No pictures, please: print exactly the lines from the one that contains "שלט בהפגנה (באדיבות המצלם)" through the last line of the listing.

------ DATA BELOW

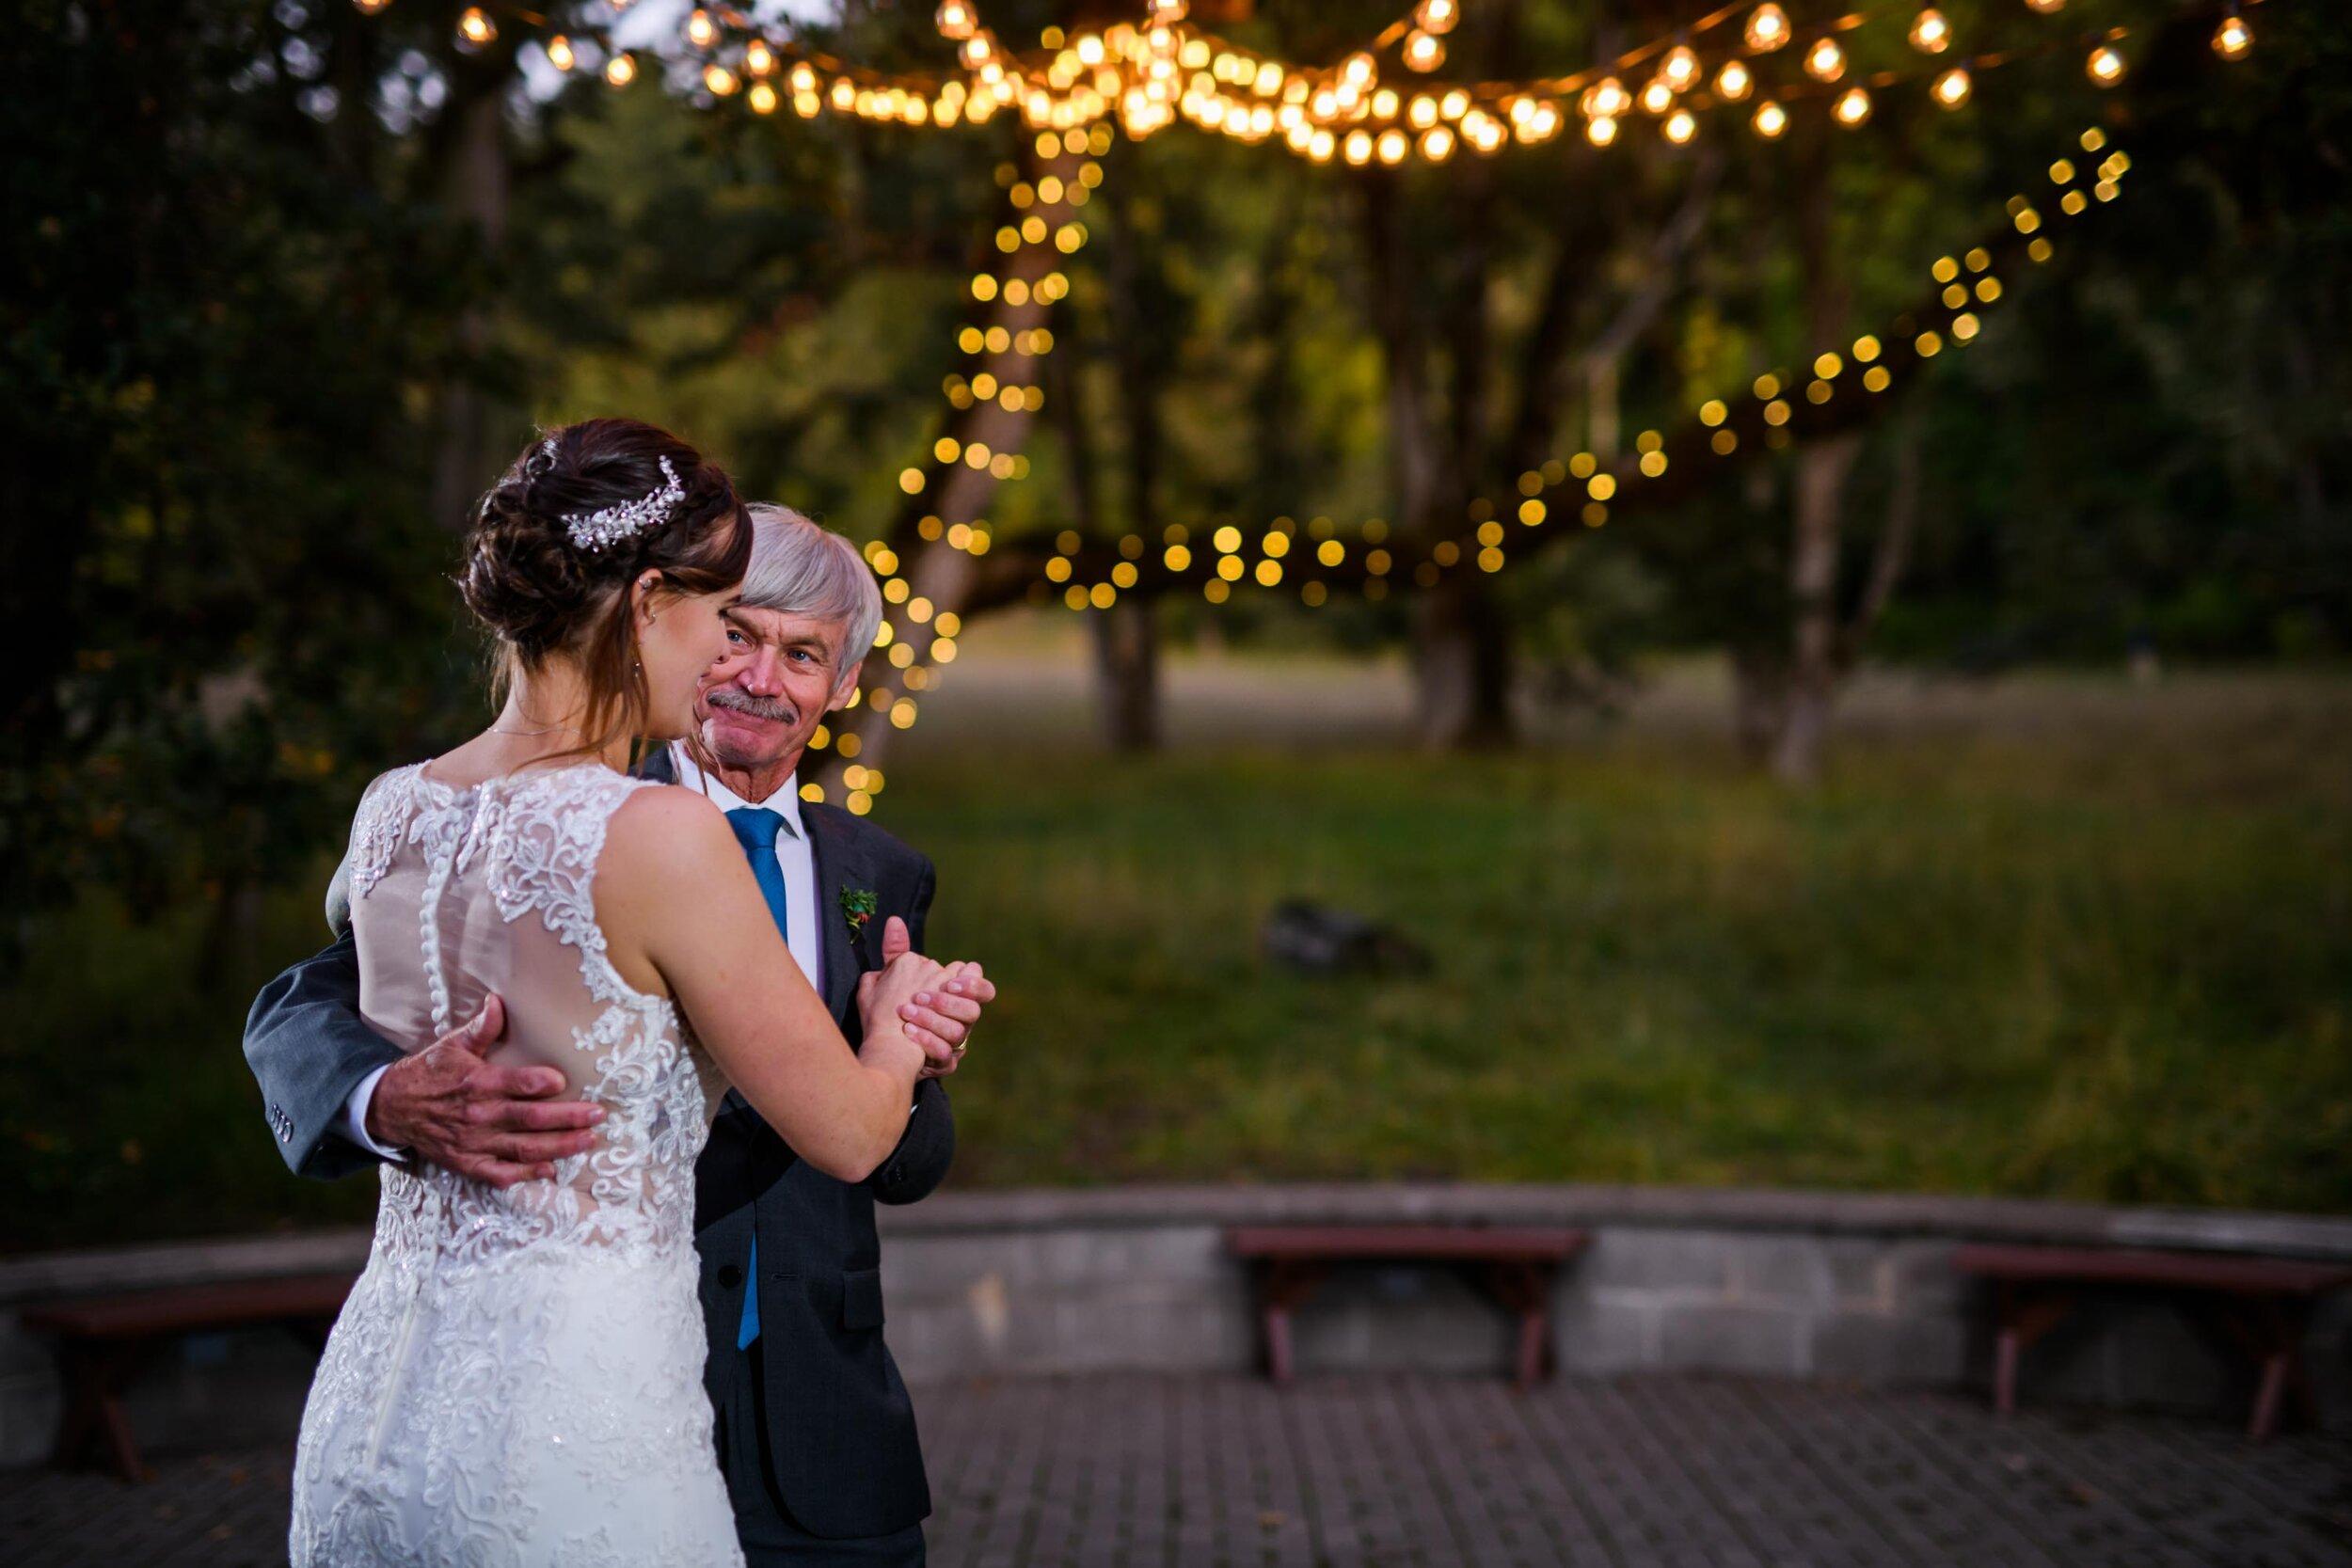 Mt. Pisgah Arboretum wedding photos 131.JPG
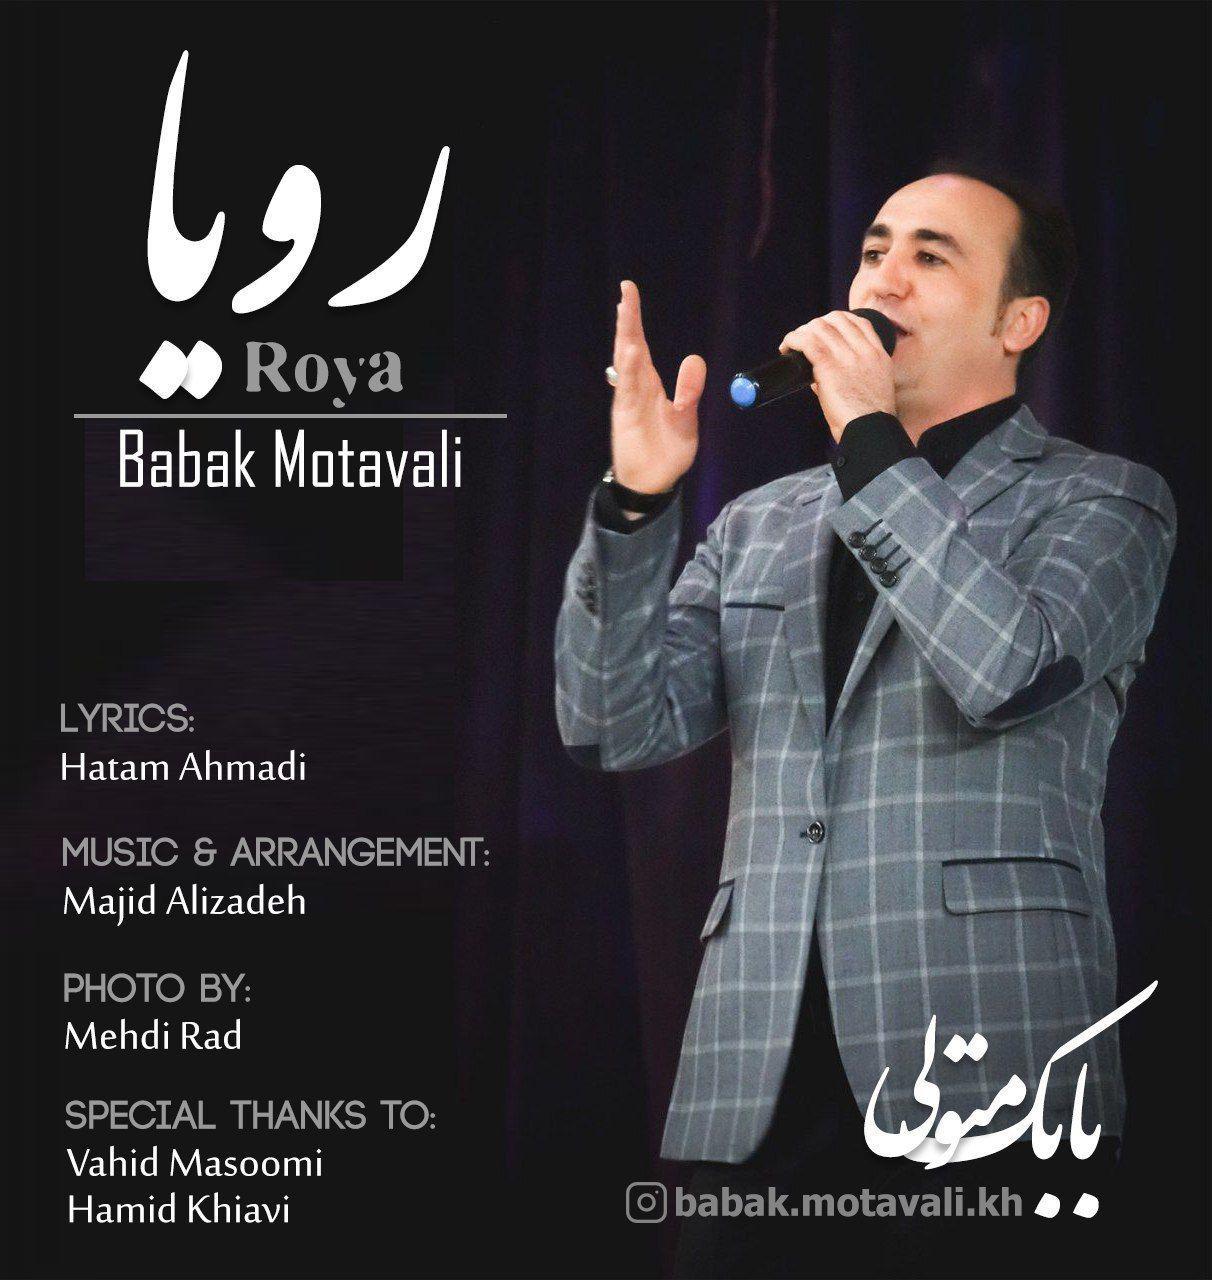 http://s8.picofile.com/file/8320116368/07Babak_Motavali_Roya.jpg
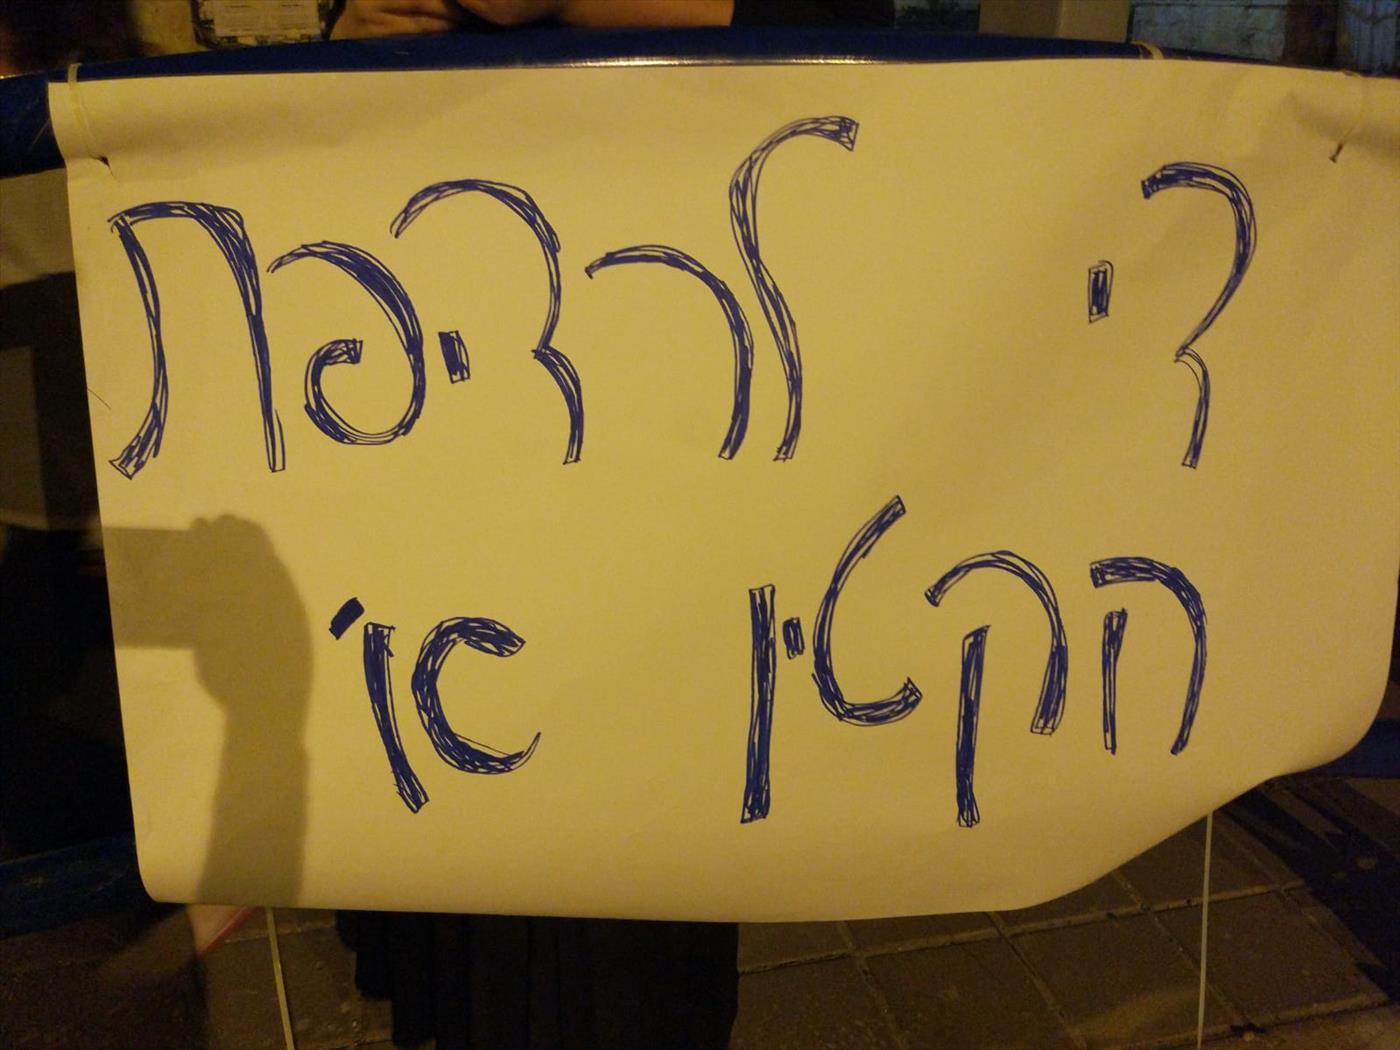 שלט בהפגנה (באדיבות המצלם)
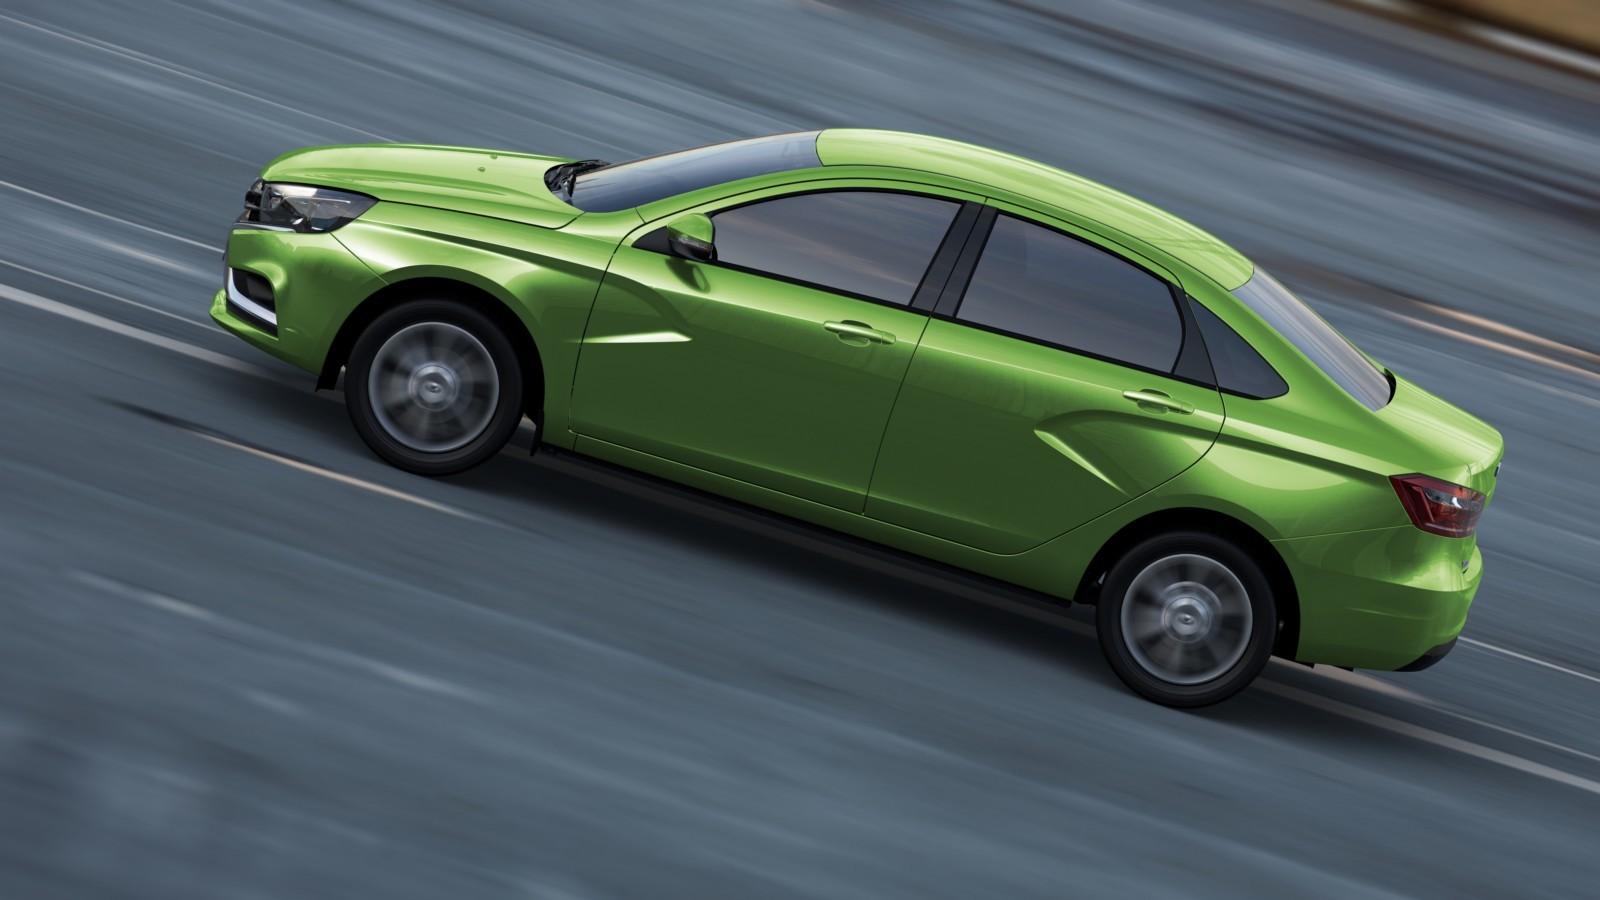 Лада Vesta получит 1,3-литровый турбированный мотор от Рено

------------

- _REPLY TO THE TASK_
 שלט בהפגנה (באדיבות המצלם)
 Лада Vesta получит 1,3-литровый турбированный мотор от Рено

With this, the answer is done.